An exact restatement of the data is required, with the images omitted.
==== Data below
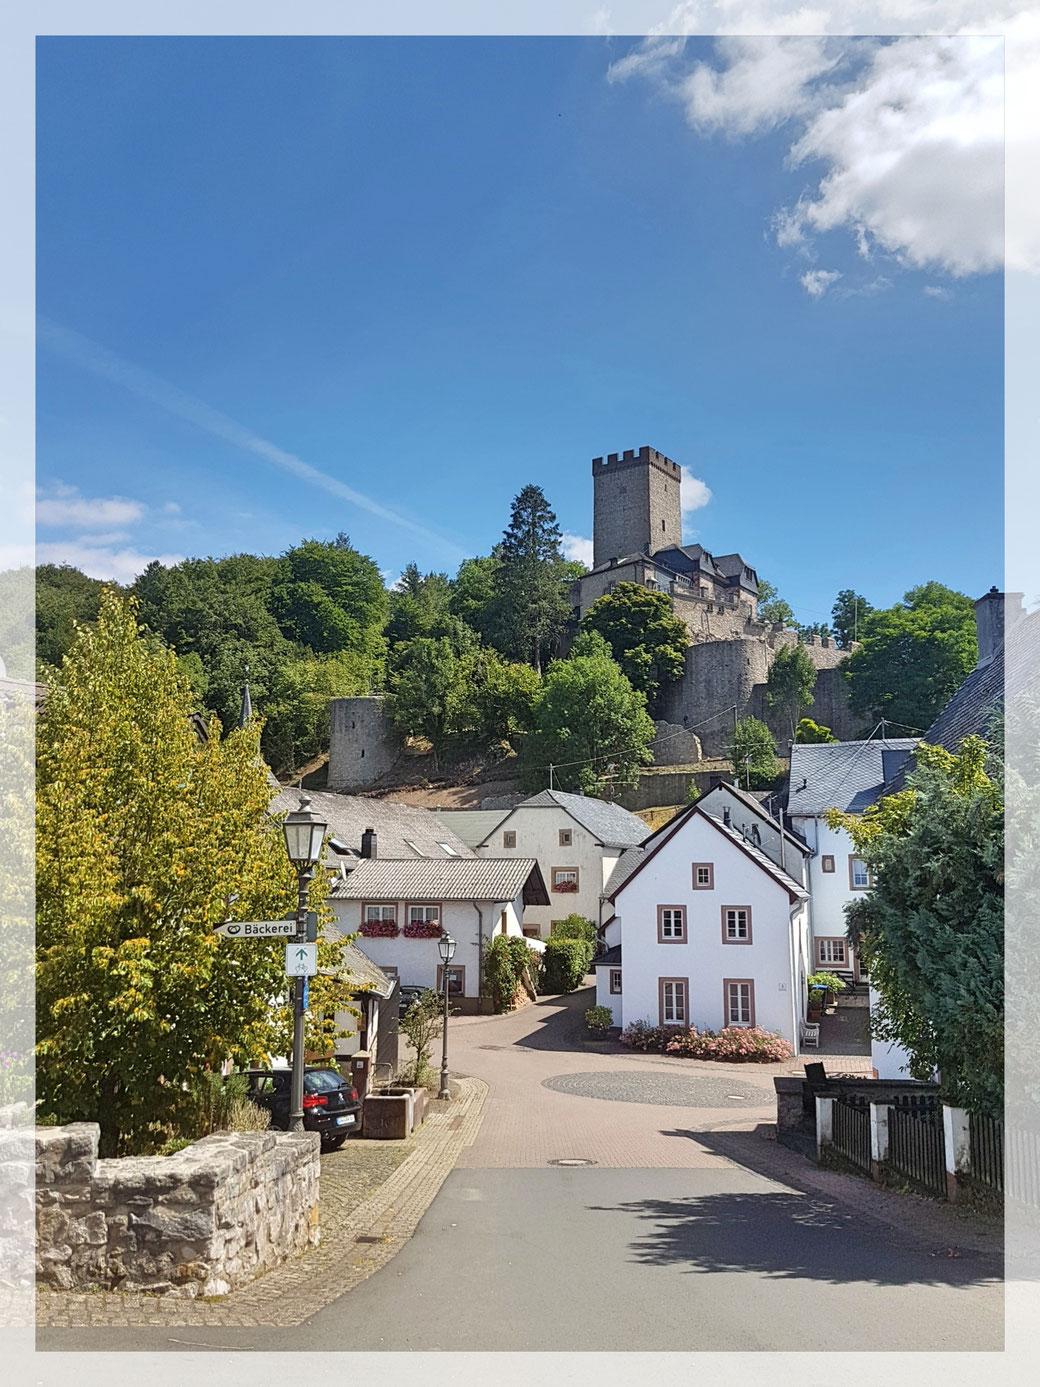 Erster Eindruck von Kerpen mit seiner Burg bei unserer Ankunft am frühen Vormittag.
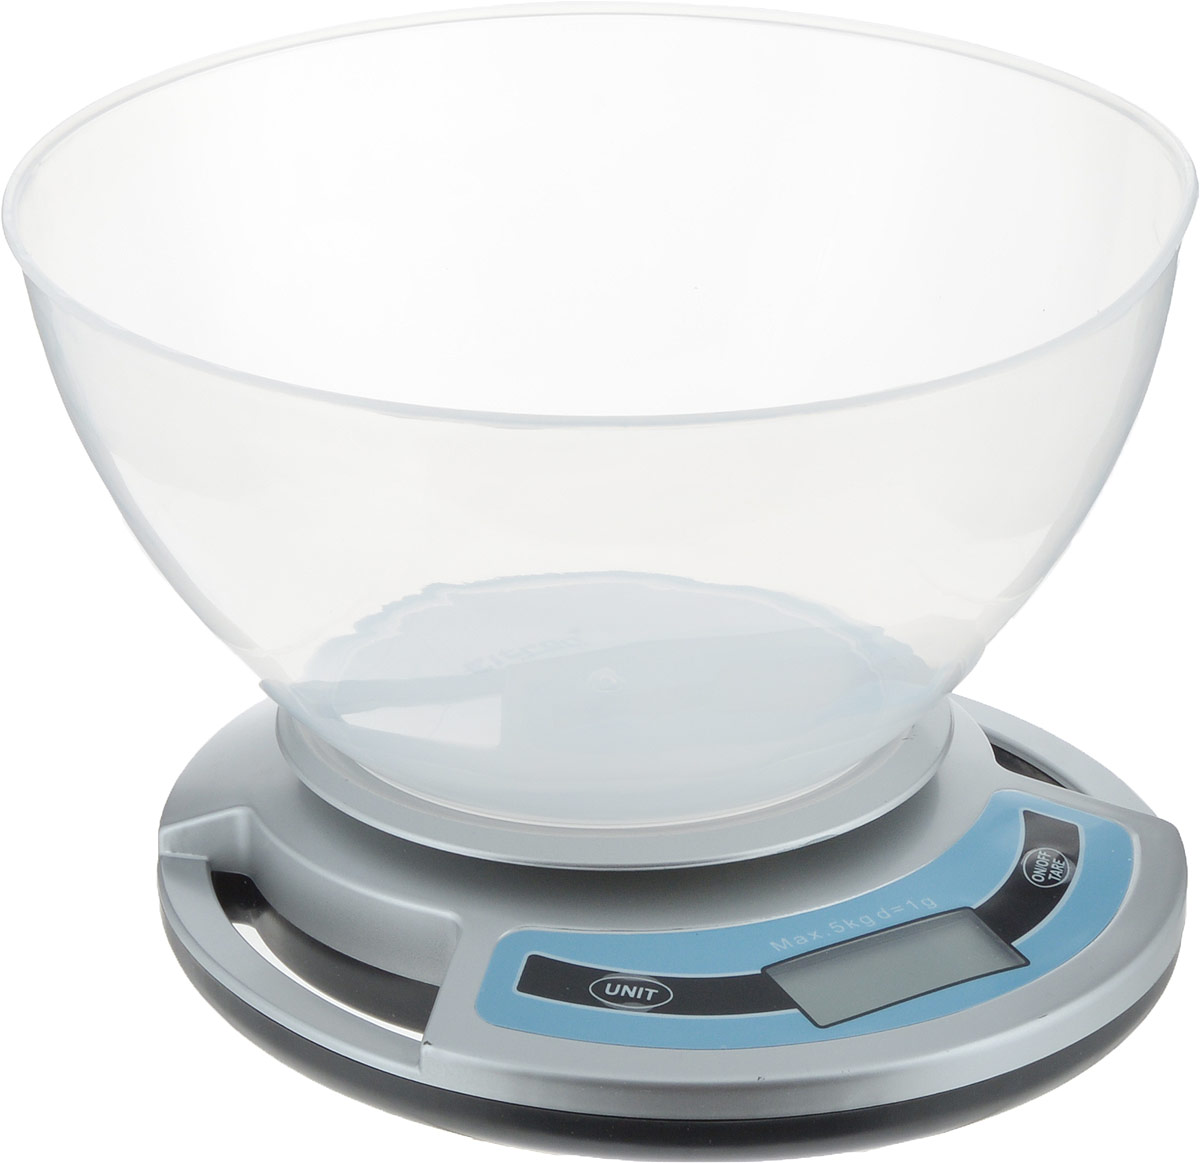 Весы кухонные Eltron, электронные, с чашей, цвет: серый, прозрачный, до 5 кг. 9260EL весы eltron весы электронные
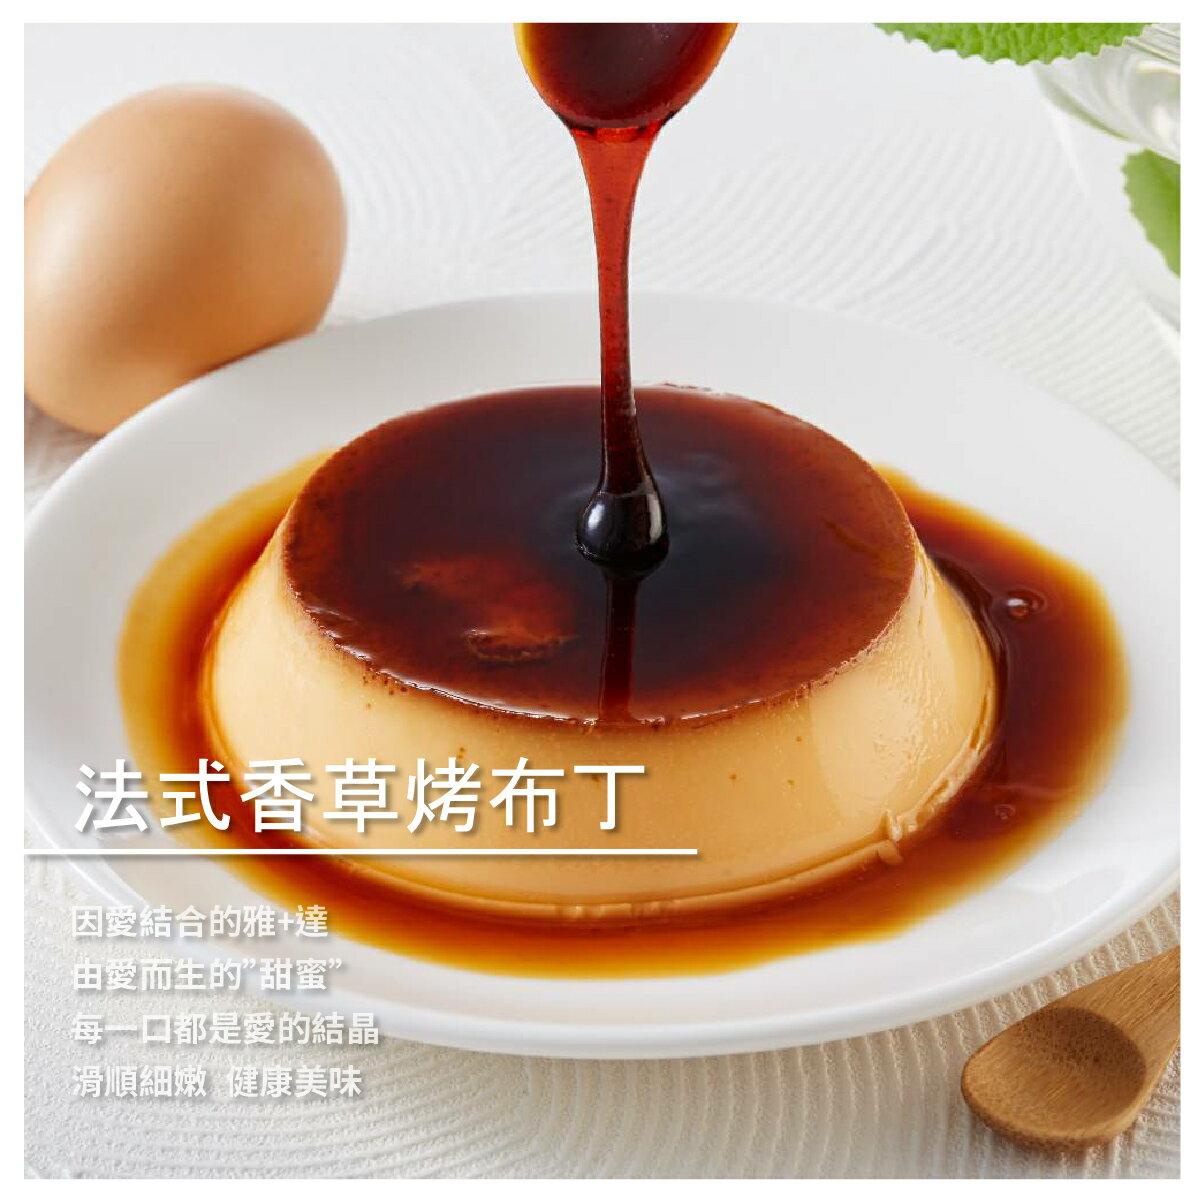 【雅+達奶酪布丁】渼物獨家優惠價 / 法式香草烤布丁/6入
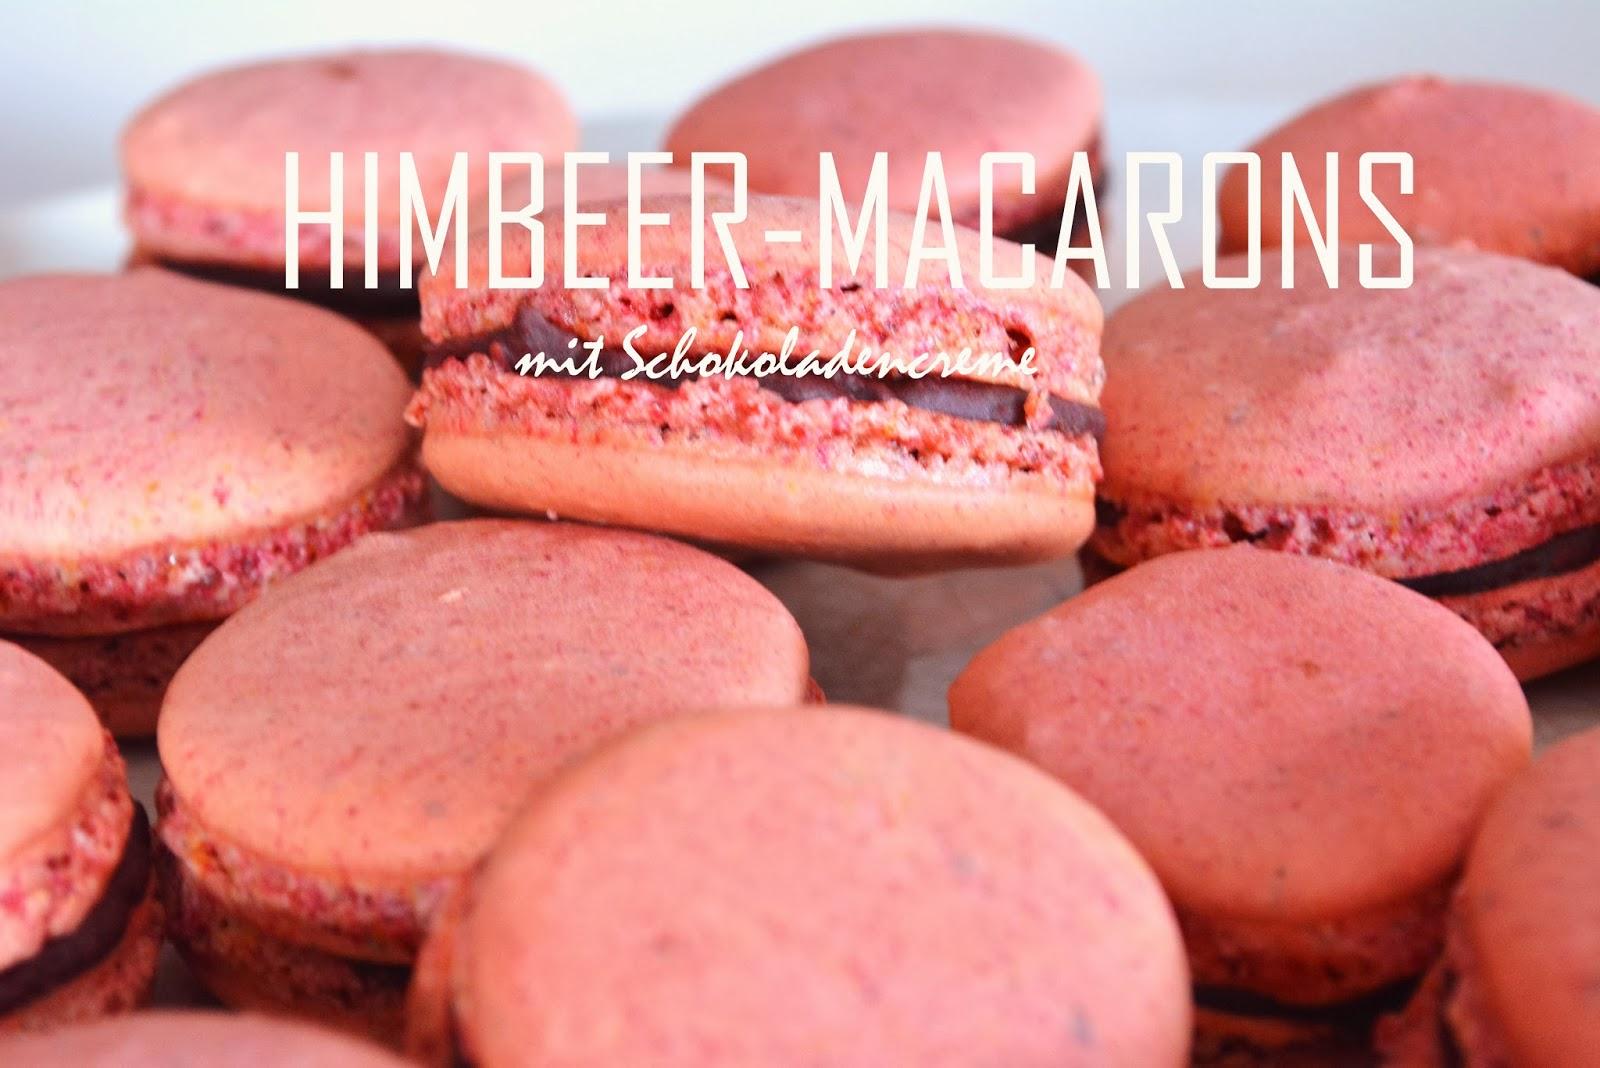 http://pia-malagala.blogspot.de/2014/01/himbeer-macarons.html
========
Answer below:
 Erster Eindruck von Kerpen mit seiner Burg bei unserer Ankunft am frühen Vormittag.
 Весы кухонные Eltron, электронные, с чашей, цвет: серый, прозрачный, до 5 кг. 9260EL весы eltron весы электронные
 【雅+達奶酪布丁】渼物獨家優惠價 / 法式香草烤布丁/6入
 http://pia-malagala.blogspot.de/2014/01/himbeer-macarons.html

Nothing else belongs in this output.